Brunch: The Only Sport Where Eggs Are Equipment

Saturday lines, hollandaise heartbreak, and the noble lie that mimosas count as fruit. A field report from the front lines of the patio.

Brunch is the only meal that arrives with its own politics. You’re not just hungry; you’re negotiating sunlight, noise, and whether your group can survive a forty-minute wait without someone suggesting you “just grab coffee first” and never come back. I love brunch. I also respect it the way you respect whitewater—you prepare, you paddle, you apologize to the person who wore heels.

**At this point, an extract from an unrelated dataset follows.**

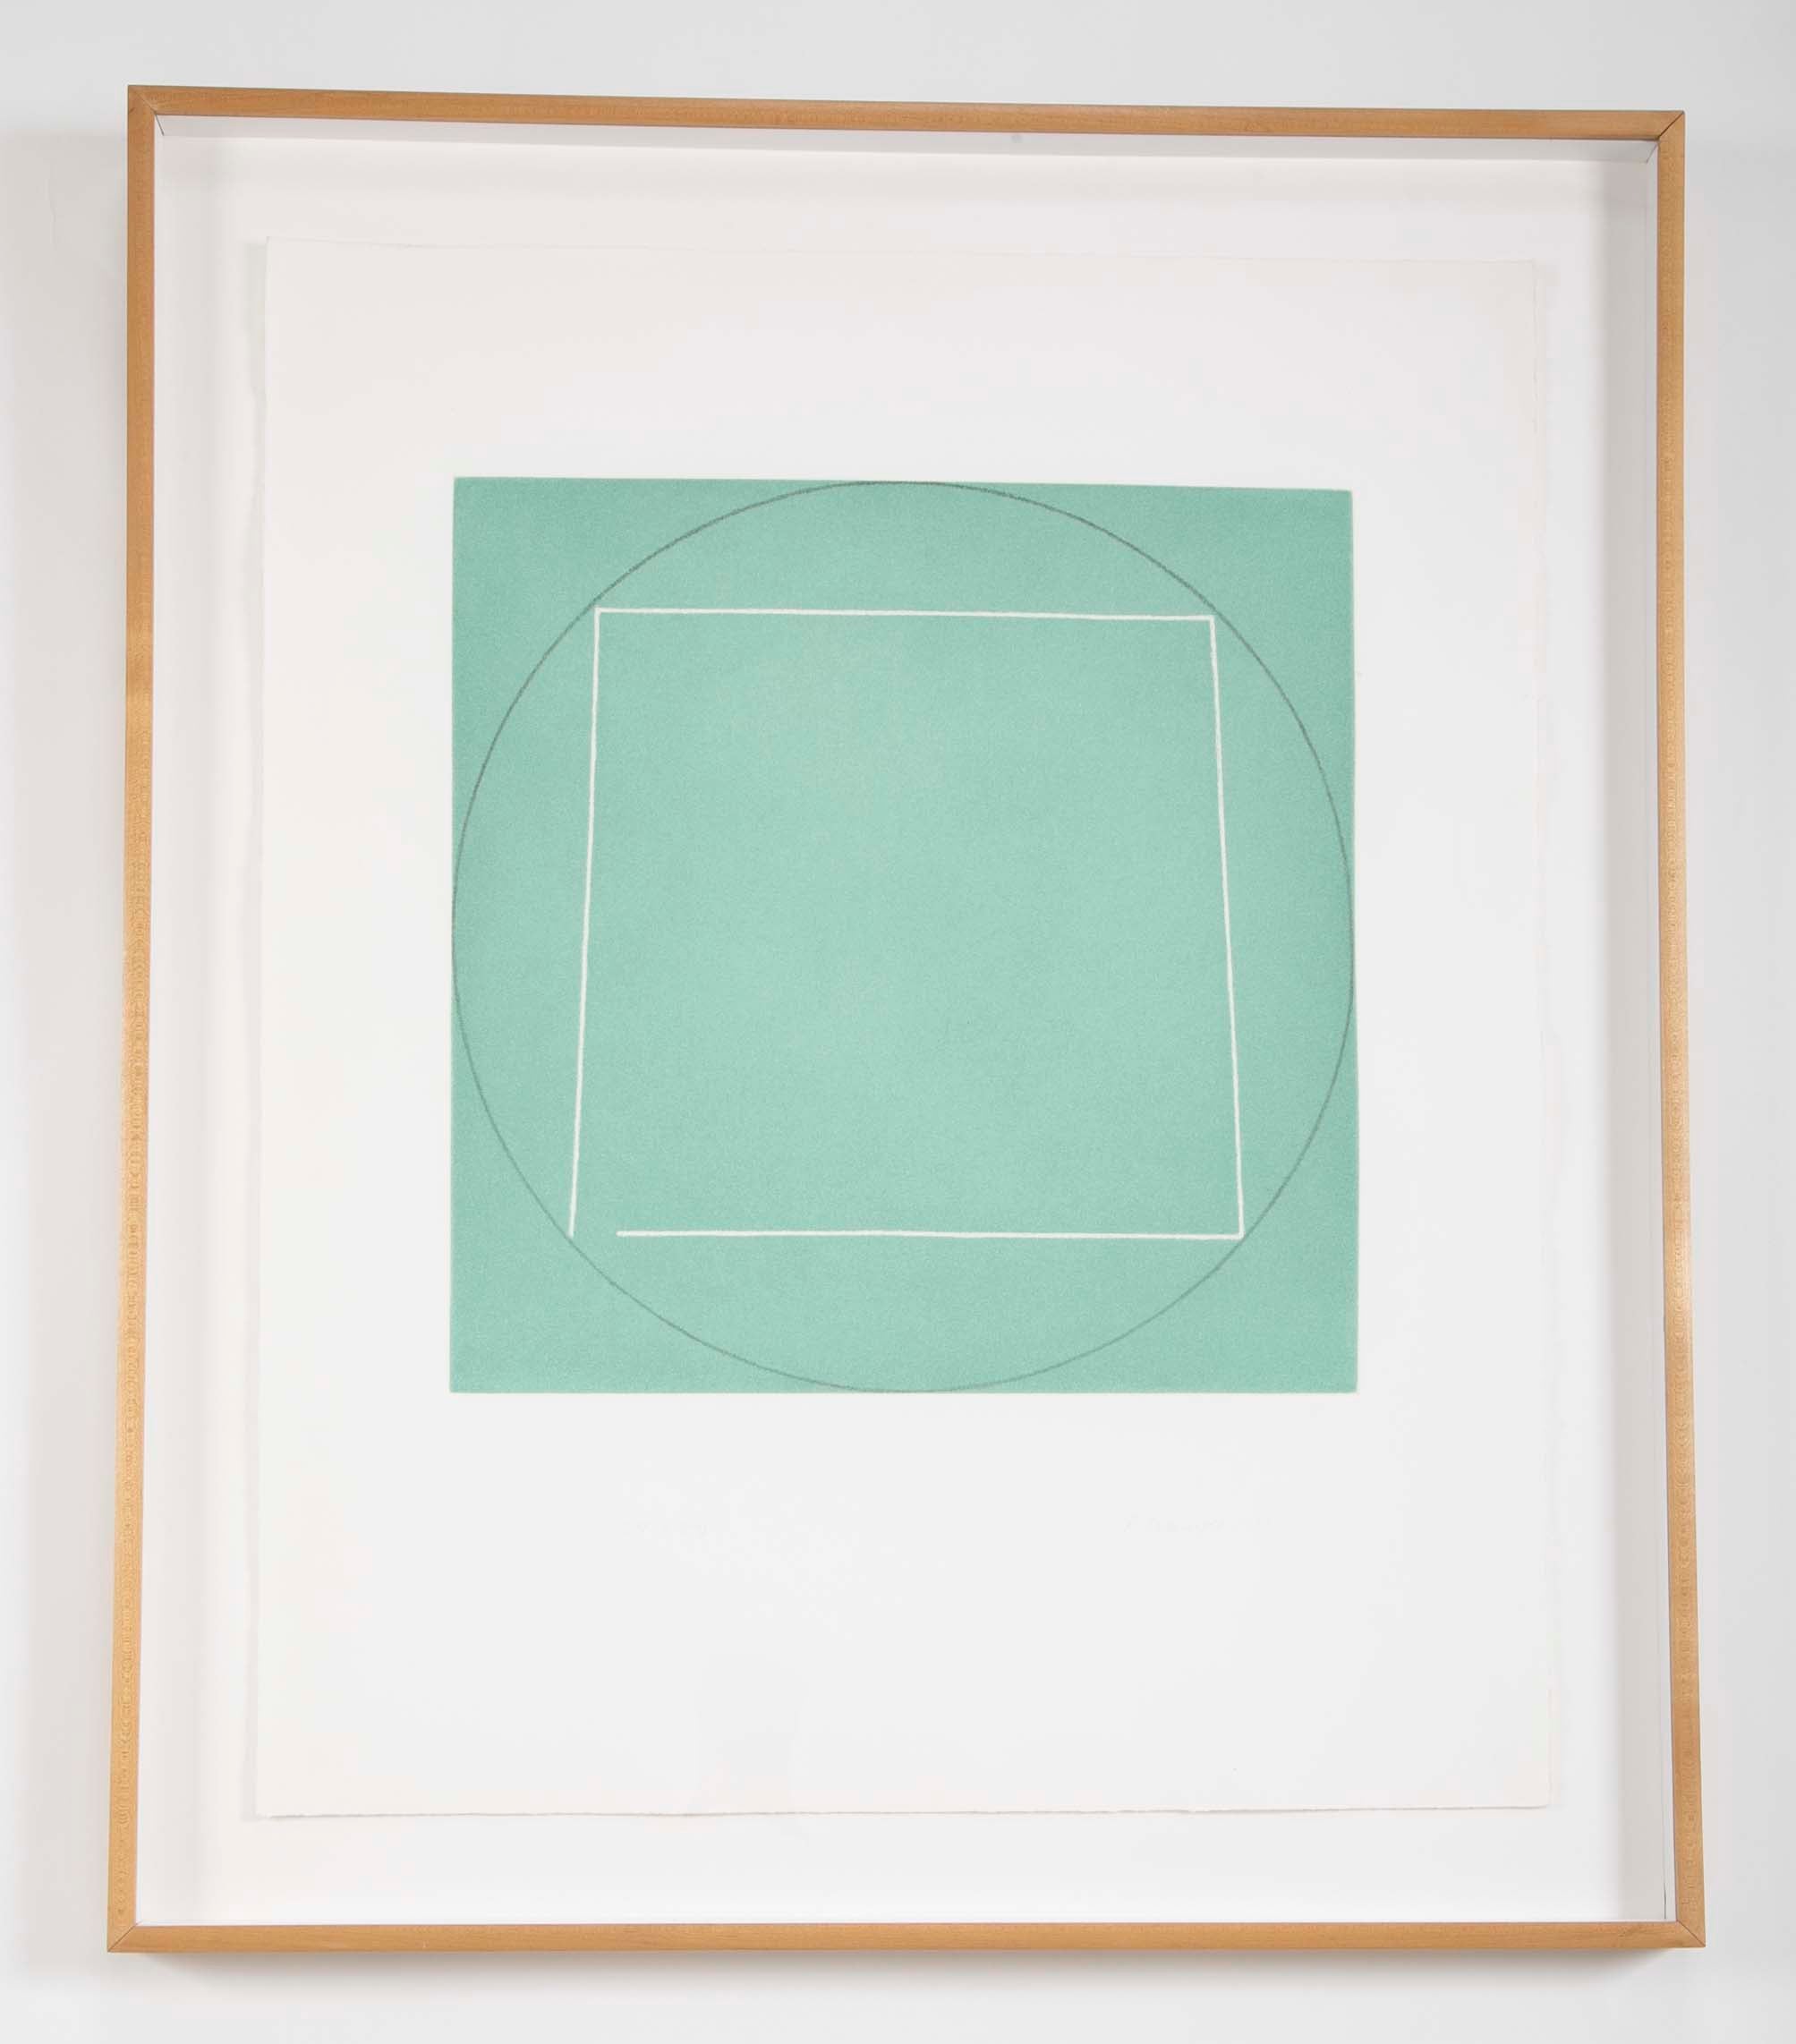 Robert Mangold, Aquatint Etching Titled "Distorted Square Within a Circle"

The opening play is always the same: someone picks a place because the Instagram pancakes looked like a duvet. Then you arrive and discover the patio faces a parking garage and the wind has opinions about your hair. The trick is to pick two backups within six blocks. Brunch rewards people who treat it like urban hiking: layers, water, and a morale captain.

Hollandaise is brunch’s emotional villain. When it breaks, nobody talks about it for five full minutes because we’re all mourning something cream-colored and brave. The spots we liked best didn’t lecture us on technique—they served eggs with yolks that still moved and toast with enough structure to bear a fork.

Pancake strategy is personal. Thick maps to comfort; thin maps to control. We ordered both and learned the stack that wins is the one arriving hot enough that butter audibly sighs. Syrup should be applied in phases, like paint. Flood it once and you’ve built a dessert swamp.

Mimosas are champagne cosplaying as juice. That’s fine. What’s not fine is pretending one glass equals a serving of citrus. Order the drink because you want sparkle, not because you’re balancing a food pyramid on a flute.

By the time coffee refill three lands, brunch has performed its real service: it stretches morning into afternoon without requiring anyone to admit they’re avoiding errands. We left full, slightly sunburned, and convinced we’d earned Monday. That’s the sport. You don’t win—you survive with crumbs in your tote and zero regrets.